Город замедленного действия

 
       На прошлой неделе столицей Чечни опять стал город Грозный. Туда окончательно перебралось чеченское правительство: Гудермес покинули последние министерства и управление внутренних дел республики. Вслед за ними отправилась в столицу 20-го региона Российской Федерации корреспондент "Власти" Ольга Алленова.

"Много вас тут проезжает, а потом колонны подрываются"
       Первое, что бросилось в глаза на въезде в Грозный — огромное скопление машин. Под жарким солнцем на трассе люди ругались с омоновцами. Оказалось, что последние четыре дня город был закрыт, и только сегодня разрешили въезд. Военные усиленно проверяли багажники и салоны автомобилей, а владельцы машин, стараясь не нервничать, убеждали их, что у них все в порядке.
       — Да помолчи ты,— бросил один из омоновцев владельцу белых "Жигулей",— все равно проверю. Много вас тут проезжает, а потом колонны подрываются.

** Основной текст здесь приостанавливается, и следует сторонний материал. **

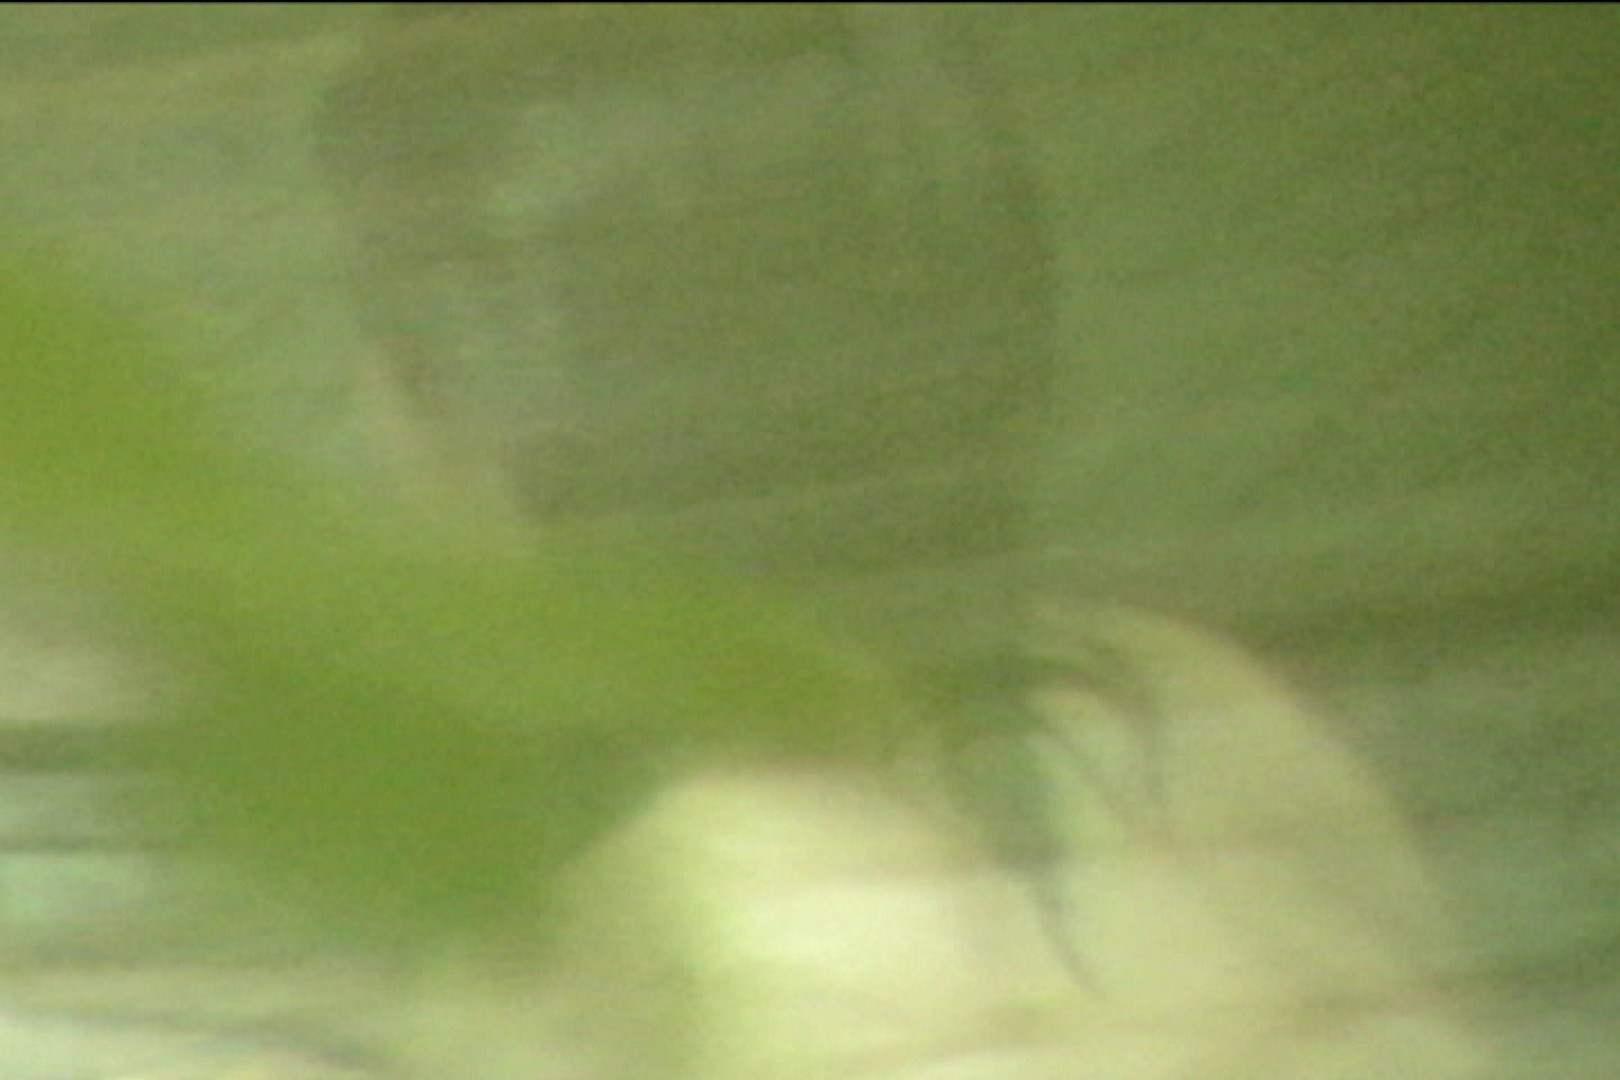 お女市さま編 オムニバスVol.12 盛合せ | むっちり  58画像 14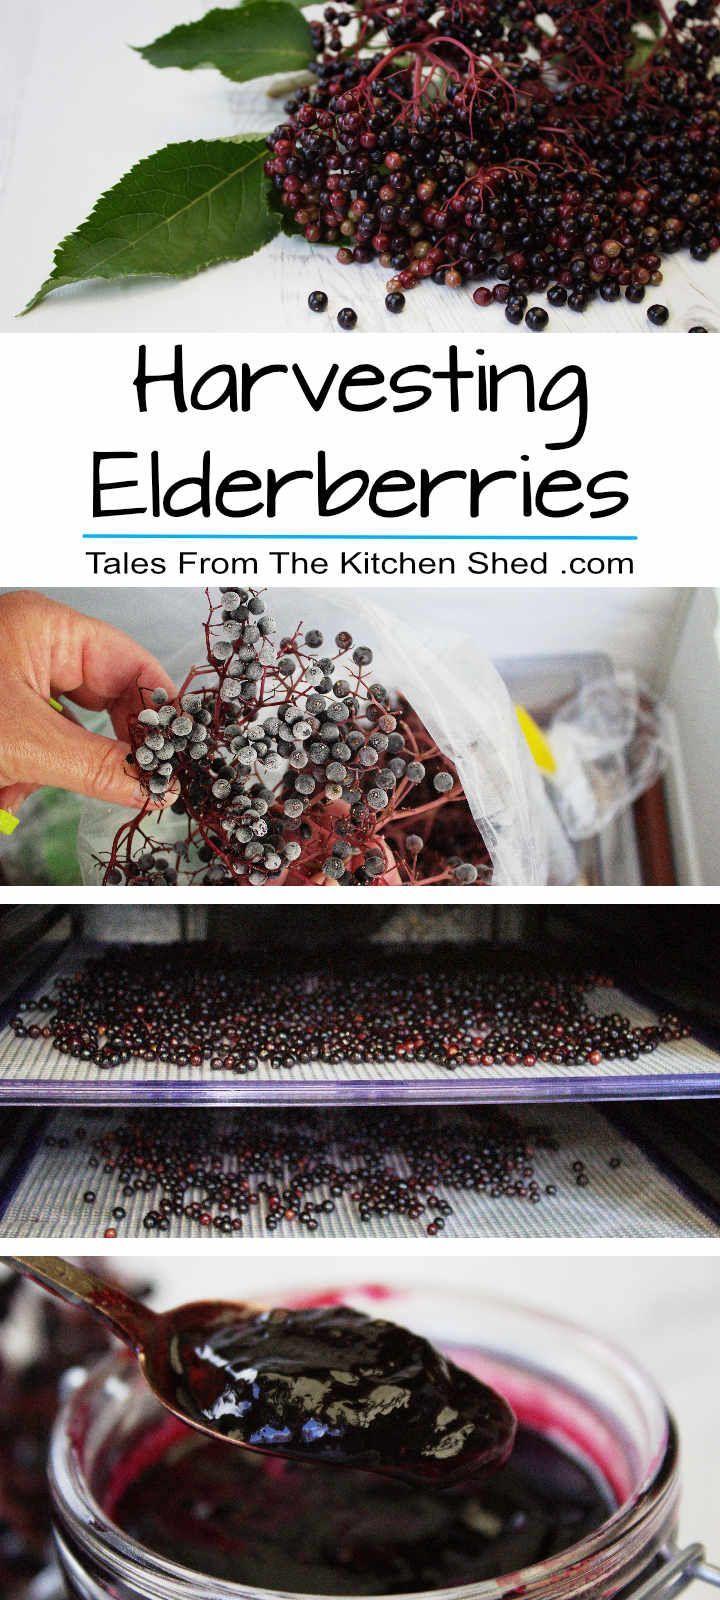 Harvesting Elderberries: Picking, Preserving

       — Сами и подрываете,— тихо и зло говорит мужчина, отходя в сторону.
       Стоящие у блок-поста жалуются, что военных в городе стало больше, и поэтому местные жители без надобности вообще стараются не выходить из дома. Про правительство тоже ничего доброго не говорят.
       — Почти два года здесь российская власть, а мы все так же живем в развалинах,— говорит мне пожилая женщина,— они даже скважины потушить не могут. Сколько нефти сгорело! А люди дышат этой гадостью, а потом болеют. И все знают, что потушить проще простого, только никому не надо — не их же дети здесь живут!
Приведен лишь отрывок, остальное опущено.